Let's go through it very briefly:

  • set -e option will cause a bash script to exit immediately when a command fails. This is generally a vast improvement upon the default behavior where the script just ignores the failing command and continues with the next line.
  • set -u causes the bash shell to treat unset variables as an error and exit immediately.
  • set -o pipefail sets the exit code of a pipeline to that of the rightmost command to exit with a non-zero status, or to zero if all commands of the pipeline exit successfully. Actually set -e itself is kind of set in vain without this option, as it will not exit the script if a pipeline of commands have a rouge failure somewhere in between.

Ok I did the set thing, and it's killing me. How to deal with it?
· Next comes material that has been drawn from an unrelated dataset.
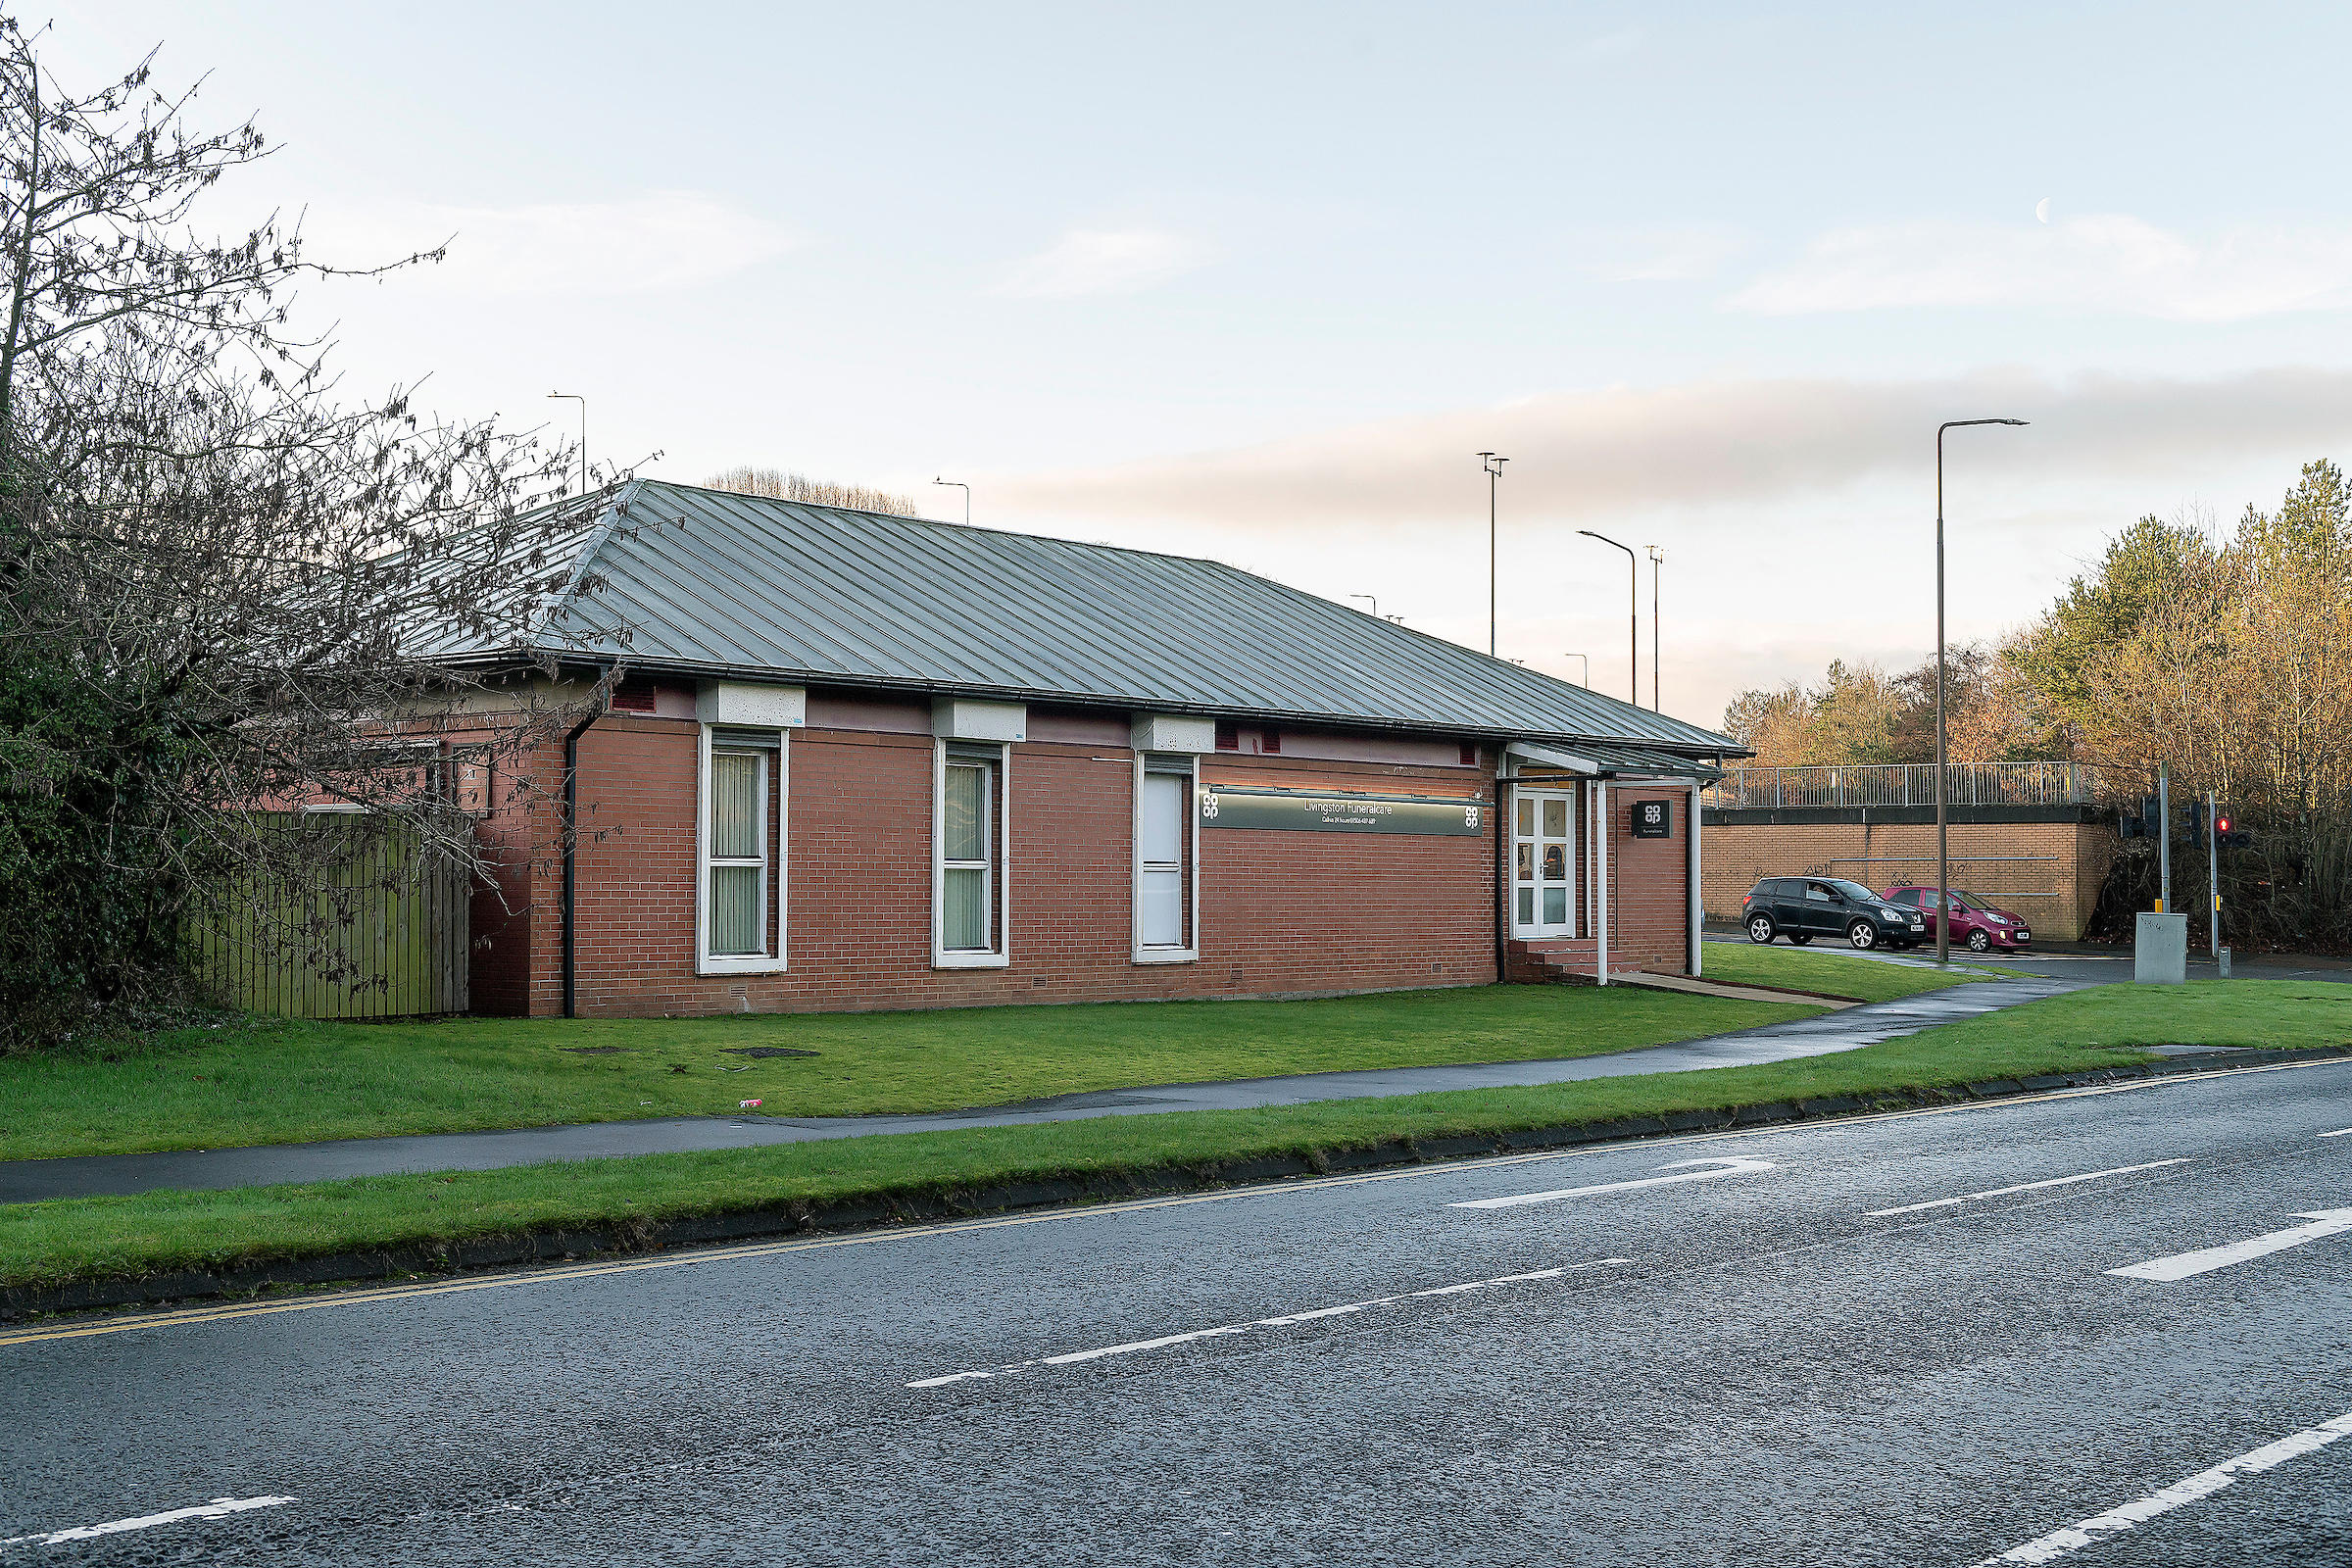 Images Co-op Funeralcare, Livingston

Pretty sure you will end up having trouble because of set -euo pipefail one way or another. For example, you may decide to provide some parameter optionally, and then set -u will kick your ass. That's when you do:

if [[ -z "${oxygen:-}" ]]; then
    echo "Huston we have a problem!"
fi

This conditional checks if the given parameter oxygen is unset (or an empty string). The emphasis is on the :- expression. Without that, due to set -u the script will fail because it will not be able to do the parameter expansion. Using :- the expression will be left unset, and we will pass for the error. By the way, this is how you add default parameters. Whatever is behind the :- will be used as default if your parameter is unset. Like this: "${oxigen:-nitrogen}"

Another usual problem is when you expect something to fail or you want to handle it explicitly. Naturally set -eo pipefail will exit your script, if anything dares to exit with a non zero exit status. To handle this you have #pipepipetrue:

echo 'Here comes the rough part'
my_fate=$("${dark_cellar}"/russian_roulette.py --load "${bullet}" || :)
echo 'Keep going, whatever'

The expression || : will blot out your error and let your script run through.

I can do stuff. But am I doing it right?

As we said, there are many ways to do something in bash. Luckily the online community is great, and it's easy to find the one-liner that does the trick you want. But is that a safe solution? One thing I learned: there is always a scenario that you did not think about.
It is good when you have a friend who is a Linux pro and catches all your mistakes. But if you don't have one, you can still have a good static analyzer!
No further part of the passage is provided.